Virtual machines are awesome, there is no debate about that. They have also become a lot easier to use - a fact that their increasing populariry reinforces.
In this post I'll argue that the tools of virtualization have become so accessible to developers that they provide entirely new, more organized ways to develop complex applications. So let's talk about Docker.
Docker is Containerization
It's true that virtualization and containerization are different animals. I'm not going to get into the differences because it has been explained in detail.
To read the rest of this post, here is all you need to understand:
- Docker is software that allows you to define the configuration and automate the setup of containers, which is are like lightweight virtual machines hosted within your computer.
- A container is an instance of an image, which is the base configuration for a particular environment/app and defined in a Dockerfile
- Multiple containers run simeltaneously ( often providing the various services of an application ), sharing the resources of the host system and communicating within a virtual network.
The primary benefit of this, as the terminology implies, is that separation is created between the host's system and whatever is going on inside the container(s). The term 'sandboxing' playfully describes this containment of the fun.
Containerization is Sanity
Something as 'simple' as keeping multipe versions of mysql/python/node on the same system can quickly lead to a bad time.
Conflicting dependencies are where the nightmare really begins.
Version Control for Everything
A Dockerfile is like a blueprint, and it can get quite complex.
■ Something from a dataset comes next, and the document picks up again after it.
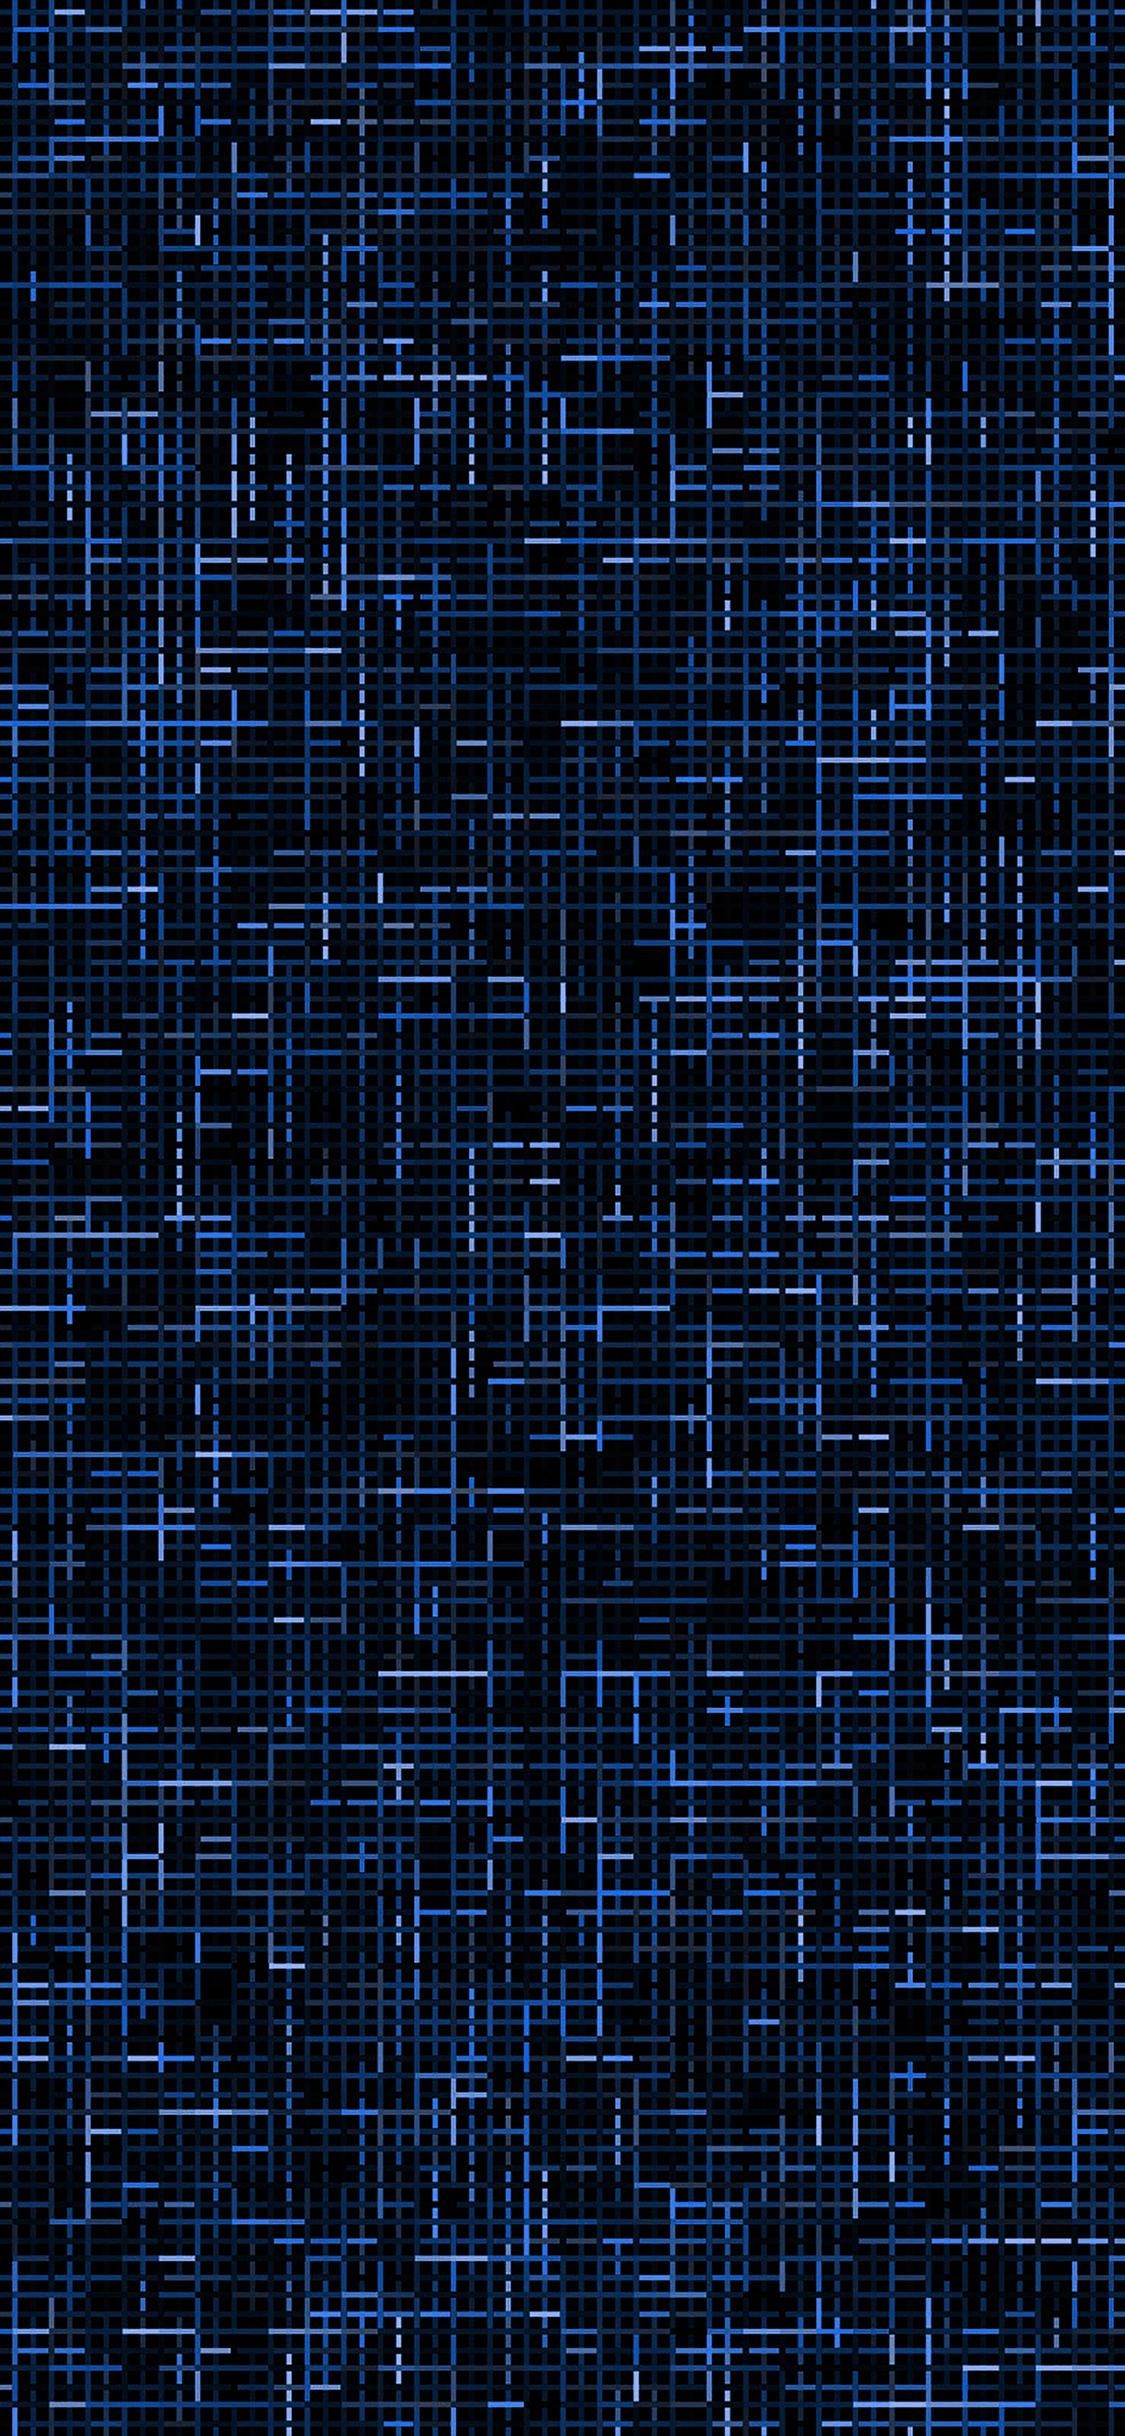 iPhoneXpapers.com-Apple-iPhone-wallpaper-vb03-wallpaper-criss-cross-simon-cpage-blue-pattern

Better to have this complexity outlined in one file, rather than just existing as complexity.
A stupid word that gets thrown around a lot, this is sometimes used to describe the final product that is handed off from developers to those responsible for deployment. Especially when these are different people, there are common pitfalls:
- missing/mismatched dependencies
- incorrect base OS
- failure to load 'prod' configuration
Examples from my Adventures
Apache's Solr has a long relationship with Drupal, causing me to need access to a Solr server from time to time. I have pages and pages of notes about installing Solr, and it's time consuming every time.
This is a great example of when an off-the-shelf image from Docker Hub is in order. I'm not actually interested in the nuances of the Lucene version and shit, I just need a working Solr sever so I can continue developing my application. Save yourself some time and check out what pre-built images might satisfy your situation.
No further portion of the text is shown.